With this language:
L = {x^i, y^j, z^k : i != j ∨ j != k; i ≥ 0; j ≥ 0; k ≥ 0}, Σ = {x, y, z}
How do I get the context-free grammar of this language?
There are some tricks that can be used to solve problems like this, and this problem benefits from at least a couple of them:
Always split languages based on unions and logical "or". In this case, our language L = {x^i, y^j, z^k : i != j ∨ j != k; i ≥ 0; j ≥ 0; k ≥ 0} has a logical "or" in the condition and is therefore equivalent to the union of two languages with the condition split: L = L1 U L2 where L1 = {x^i, y^j, z^k : i != j; i ≥ 0; j ≥ 0; k ≥ 0} and L2 = {x^i, y^j, z^k : j != k; i ≥ 0; j ≥ 0; k ≥ 0}. A CFG for the union of two CFLs can be formed by introducing a new start nonterminal that produces each of the start nonterminals for the CFLs' CFGs.
Rewrite complicated conditions as equivalent expressions involving simple conditions, ideally ones for which you already know how to write the CFG. For instance, i != j is equivalent to i < j ∨ i > j.
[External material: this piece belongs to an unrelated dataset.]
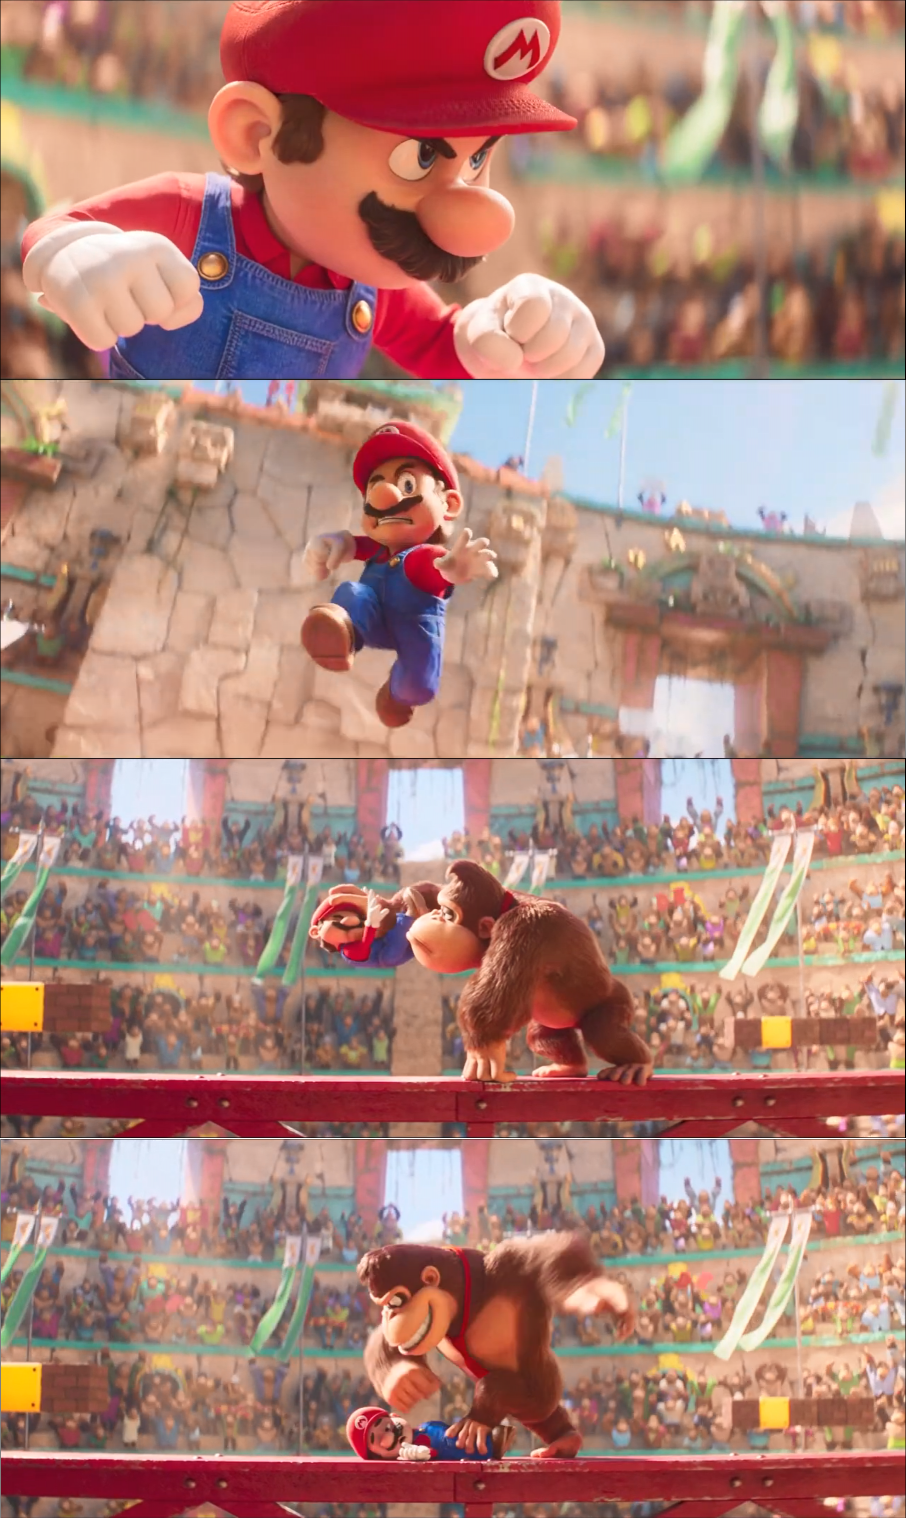 Mario pounded by Donkey Kong Blank Meme Template

This allows us to rewrite L1 and L2 from above as L1 = {x^i, y^j, z^k : i < j ∨ i > j; i ≥ 0; j ≥ 0; k ≥ 0} and L2 = {x^i, y^j, z^k : j < k ∨ j > k; i ≥ 0; j ≥ 0; k ≥ 0}. Notice that we can now rewrite L1 = L3 U L4 and L2 = L5 U L6 using the consideration from above, so L = L3 U L4 U L5 U L6 where L3 = {x^i, y^j, z^k : i < j; i ≥ 0; j ≥ 0; k ≥ 0}, L4 = {x^i, y^j, z^k : i > j; i ≥ 0; j ≥ 0; k ≥ 0}, L5 = {x^i, y^j, z^k : j < k; i ≥ 0; j ≥ 0; k ≥ 0} and L6 = {x^i, y^j, z^k : j > k; i ≥ 0; j ≥ 0; k ≥ 0}.
CFGs for these are a little easier to produce:
S3 := S3 z | T3
T3 := x T3 y | T3 y | y
S4 := S4 z | T4
T4 := x T4 y | x T4 | x
S5 := x S5 | T5
T5 := y T5 z | S5 z | z
S6 := x S6 | T6
T6 := y T6 z | y S6 | y
To finish the grammar off, just make the start symbol S for L's CFG produce each of the start symbols S3, S4, S5, S6:
S := S3 | S4 | S5 | S6